SHOW REPORT Dubai Air Show 2021
Around the bazaars
WAYNE J DAVIS FRAeS soaks up the atmosphere of Dubai with a lighter, personal look at the air show.
It was as the bagpipe and drumming band passed me in full blast and full glam red military regalia, after my attention had been taken by the Ferrari and Bentley used by the Dubai police force, only to be deafened by the jet fighter making a low pass over the display, that I fully realised, this must be the Dubai Air Show.
Getting to the show came via cab journeys with drivers quoting and charging with less consistency and accuracy than an MoD procurement cost estimate. Airport security lite followed with the opportunity to show off a heavy vintage hp laptop and go for a sans belt low-rider trouser look. Is that my plain black rucksack in the tray or that of the grumpy 8:30am photographer behind?
At the entrance to the show each day was a young artist, Lateefa Mohammed, painting the Dubai skyline, with a few of the UAE’s and Dubai’s founding fathers looking on. She told me she was commissioned by the UAE MoD to produce it. I wondered if this could inspire the UK MoD to perhaps commission Banksy.
At the back of a press conference scrum. Wayne J Davis/RAeS
Is it a coincidence that Dubai sounds like ‘Do you buy?’, probably, but Dubai is a place where people make money and this week it is to be made with aircraft. The show hall is of course essentially a market with stalls promoting engines, seating, missiles, avionics, airlines, training, energy, finance, weapon systems, MRO, Space exploration, aircraft lessors and much else that comes from the monetisation of aerospace.
On the flightline I found myself touring military cargo aircraft.
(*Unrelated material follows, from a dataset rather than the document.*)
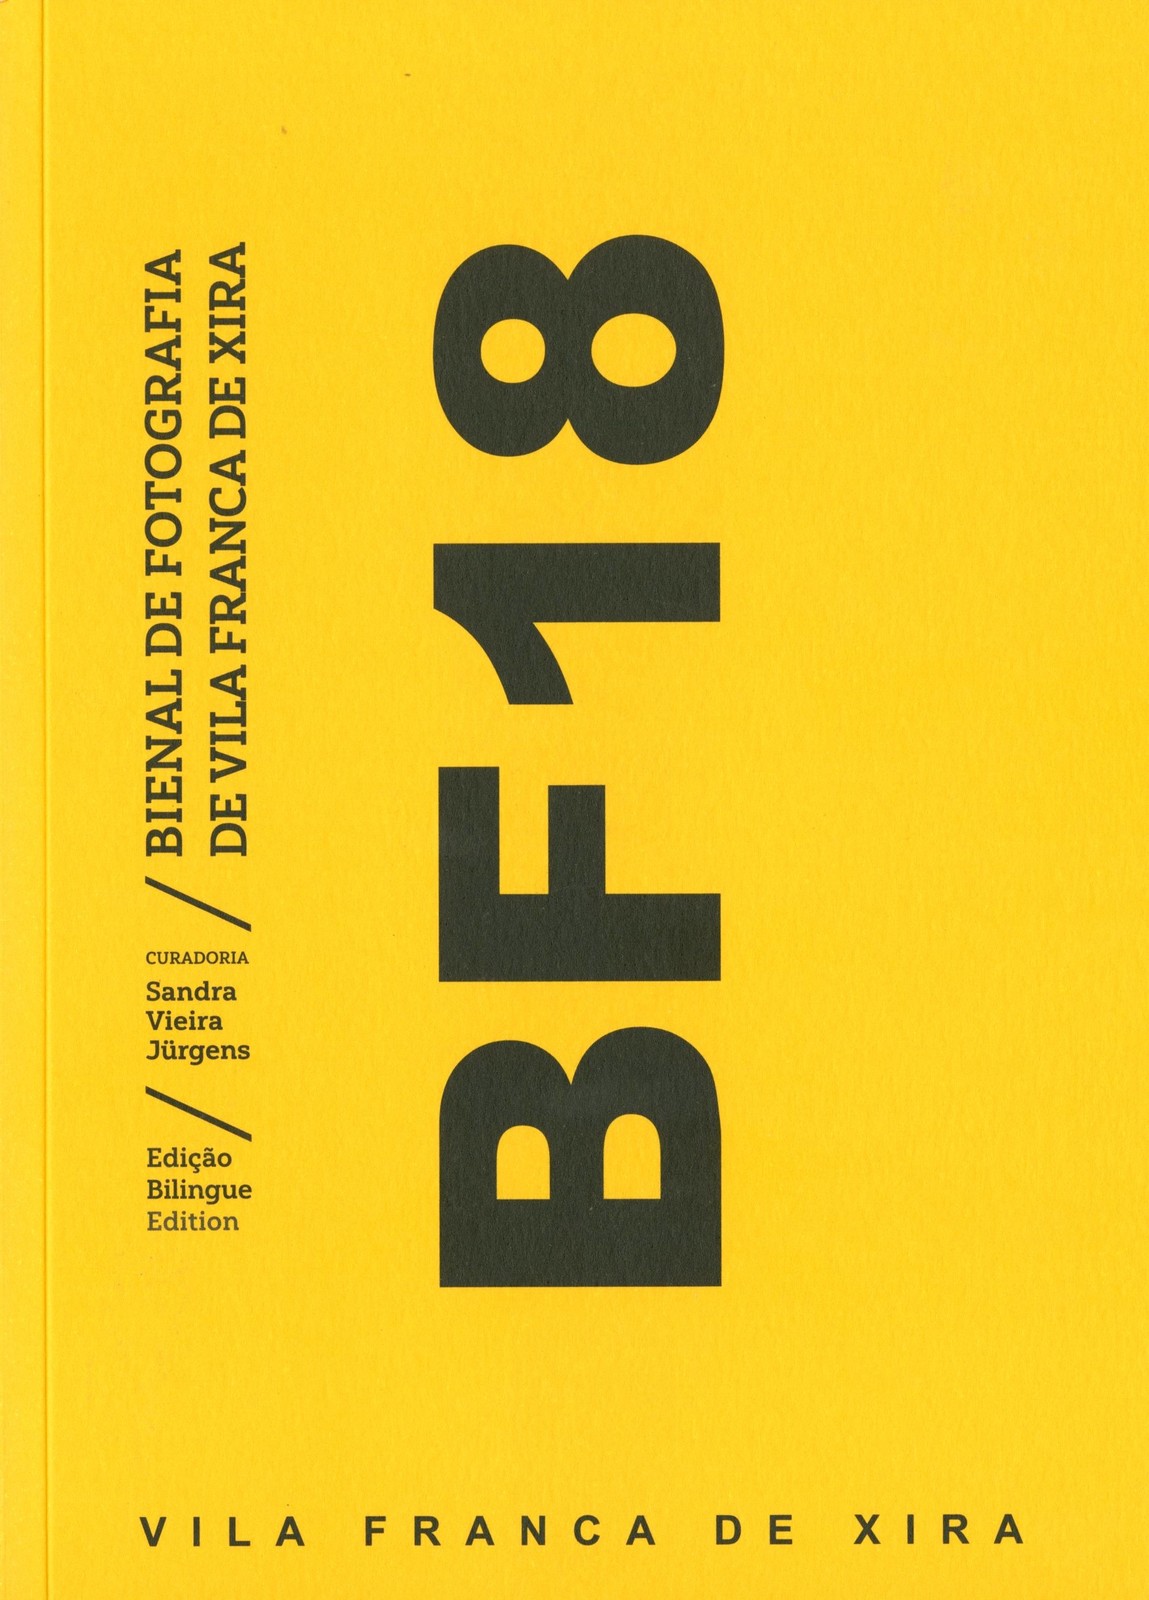 Catálogo da Exposição BF 18: Bienal de Fotografia de Vila Franca de Xira

While checking out the basic fixtures and fittings of a USAF C-17 Globemaster, I could not help wondering how they managed to leave Kabul airport last summer carrying a claimed 823 people. A visit to the smaller A400 with the charming RAF Wing Commander Ed Horne, gave me the chance to get up into the cockpit. I worried about the emergency mini pick axe in the hold and ‘escape rope' in the cockpit. The trustpilot rating for any mission is surely hovering around one star at the point either of those implements are considered an option.
Lateefa painting as we entered. Wayne J Davis/RAeS
The Russians were showing off a new fighter and I experiemced a terrifying live show in the purpose-built Checkmate pavilion showcasing Russia’s fifth new-generation fighter, the Sukhoi Su-75, in jumbo airfix form. Lights, lasers, projections, deafening rock and a doom-laden-voiced narrator told of the power, the glory and the destructiveness of this apparently top level unstoppable killing machine. Never has a plastic aircraft model looked more menacing. The whole presentation had a charm of sorts, but was more suited to an '80s Def Leppard video than an airshow.
As well as Blade Runner-style eVTOLs (see p32) in the halls, I witnessed a robot that disinfected aircraft cabins by blasting UV light across the area eliminating 99% of all bacteria and viruses, including Covid-19. Disappointingly the robot was given neither a face, a voice nor any human characteristics. In the future-tech area I saw several other eye-catching technological innovations but all those moments will to me be lost in time, like tears in the rain.
One of two marching bands at Dubai. Wayne J Davis/RAeS
Elsewhere at the show were two drones from Flying Cam that had won them both an Emmy (real one on display) and an Oscar (real one not on display) for their use in the filming of Bond films, Resident Evil, The Harry Potter films and Game of Thrones.
Not sure if the drones had thanked their operators in the acceptance speech.
What began with the red-eye tube along both blue lines of the London underground ended with warm and slightly confused memories of the Dubai Air Show and a tinge of regret at never seeing Lateefa’s finished painting of Dubai and its founding fathers.